At first my family seemed worried by Grant’s arrival. My mother was especially concerned, likely having trouble with the whole notion of an ex-con—an ex-con whom Scottie and I had agreed to allow to crash on our sofa. But after several weeks of watching him do the cooking, cleaning, and laundry, to say nothing of his obvious bonding with Alice, they couldn’t help but warm to him.
“So what’s your plan?” I heard my dad ask him about two weeks into his stay, as we were all gathered at my parents’ house for our weekly Sunday dinner. “You can’t work in the financial industry anymore, can you?”
I kept loading the dishwasher, craning to hear Grant’s reply, as we still hadn’t really talked about the future.
“No, sir. I can’t,” he said, bouncing Alice on his knee. “But I wouldn’t want to do that again anyway. I’ve applied for some jobs in upstate New York—where I have contacts—and also for a few here. I’d like to be with your daughter one day. But regardless of what happens with us, I want to be a father to Alice.”

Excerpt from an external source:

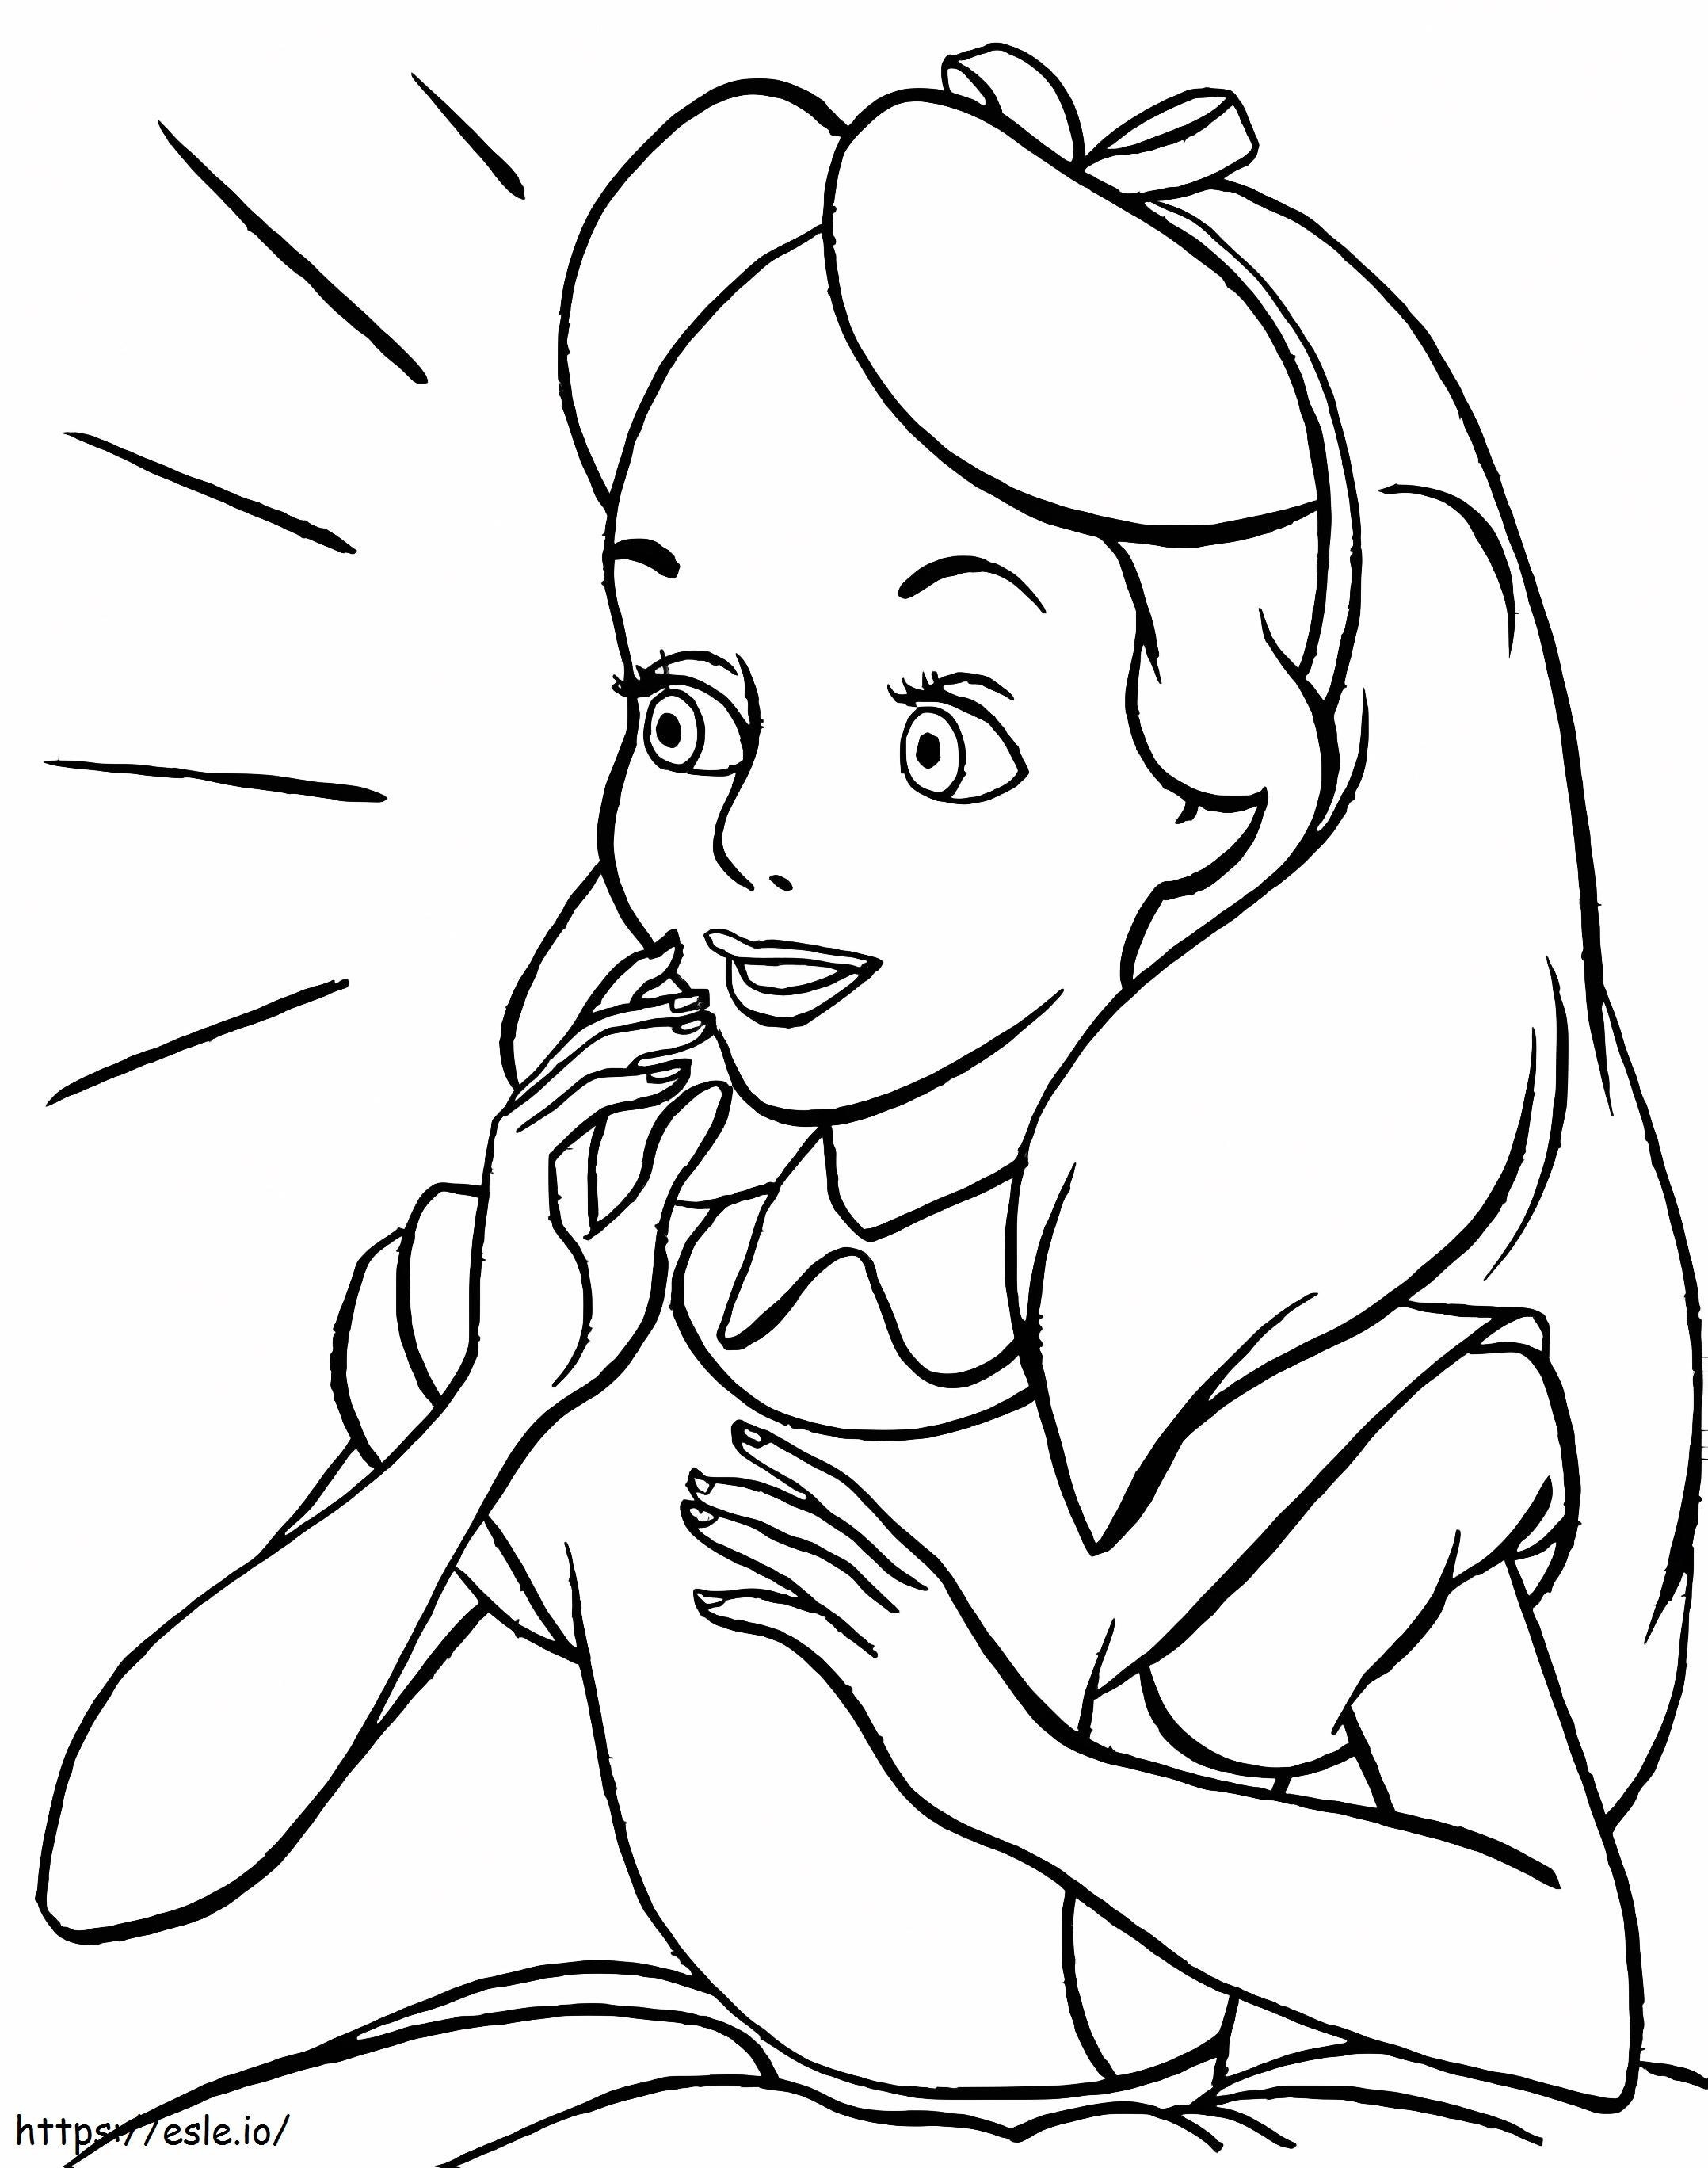 Lovely Alice From Alice In Wonderland coloring page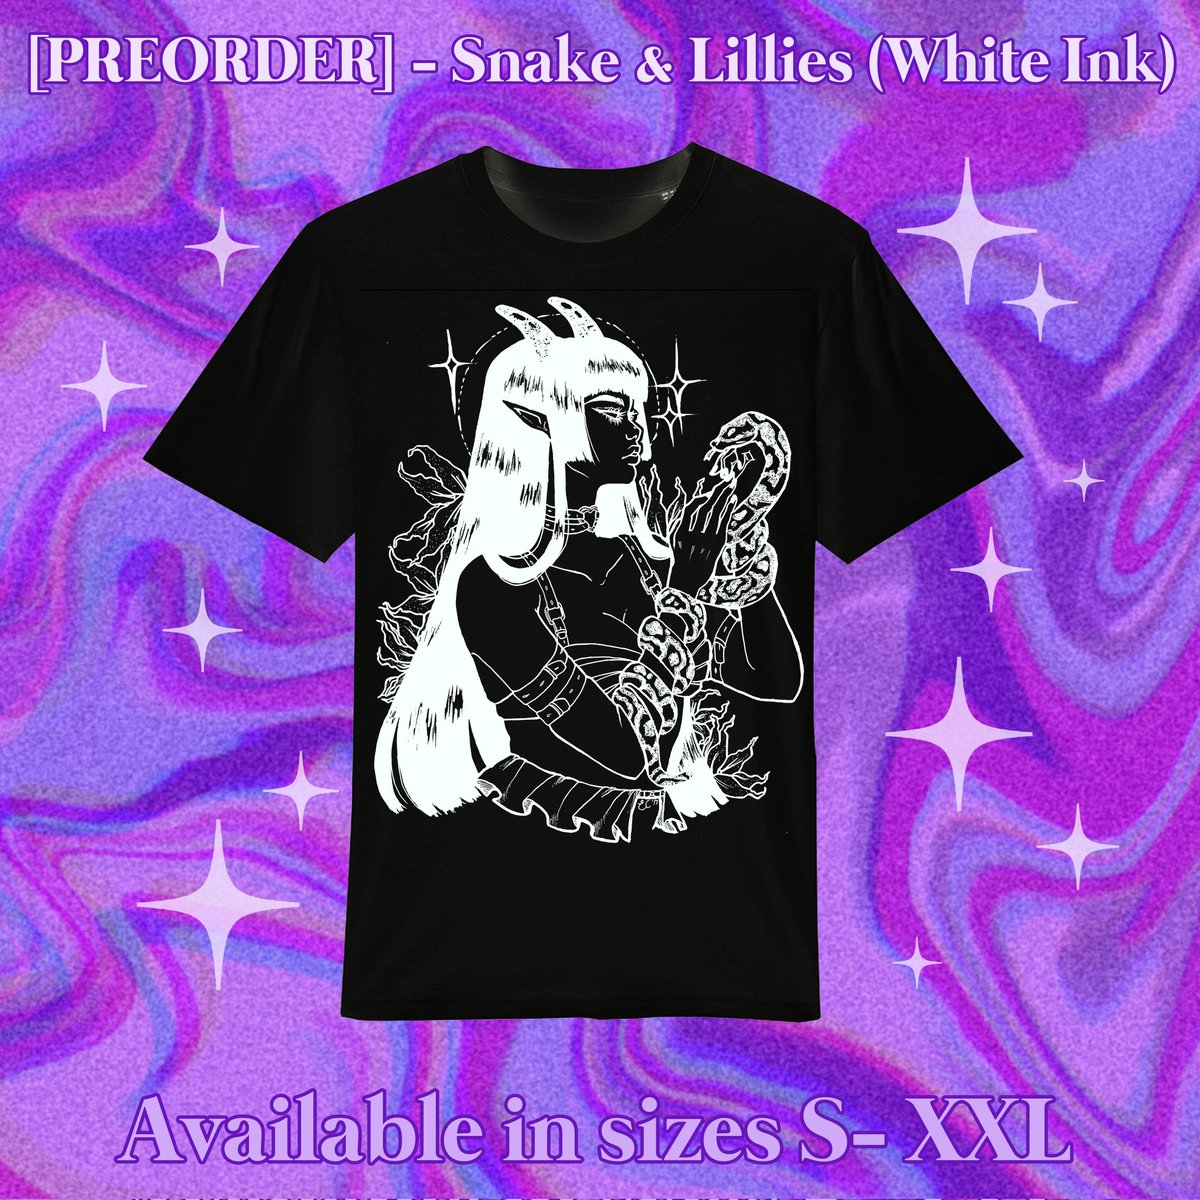 Preorders for our snake shirt restock + new color options will be up on our shop on 4/20!!! Excited to bring back new colors 🛸🍉 Will be posting more new things for the shop update soon!! 👀

I welled up, then walked out of the kitchen, still too emotional to think about all of that.
But just a few weeks later, when Grant told me he had accepted a position with the Wisconsin chapter of the ALS Association and would be looking for apartments in the area, I was finally ready to talk. Really talk.
“Are you sure that’s what you want?” I asked him.
“Yes,” he said, looking right into my eyes. “I want to be wherever you and Alice are. That’s all I want.”
“Even if you and I aren’t together?” I said. “As a couple?”
“Even if…But I believe in my heart we will be. I’ll put in the time—as much time as it takes. I’ll show you, Cecily….”
I had already forgiven him—that happened while he was still in prison—but in that moment, I started to trust him again. Suddenly, instead of seeing the world in black and white terms, I saw before me a good person who had simply done some bad things. And I was no different. We had both made mistakes and told lies—some bigger than others—but those mistakes and lies didn’t have to define us. We could embrace the shades of gray and begin again, together.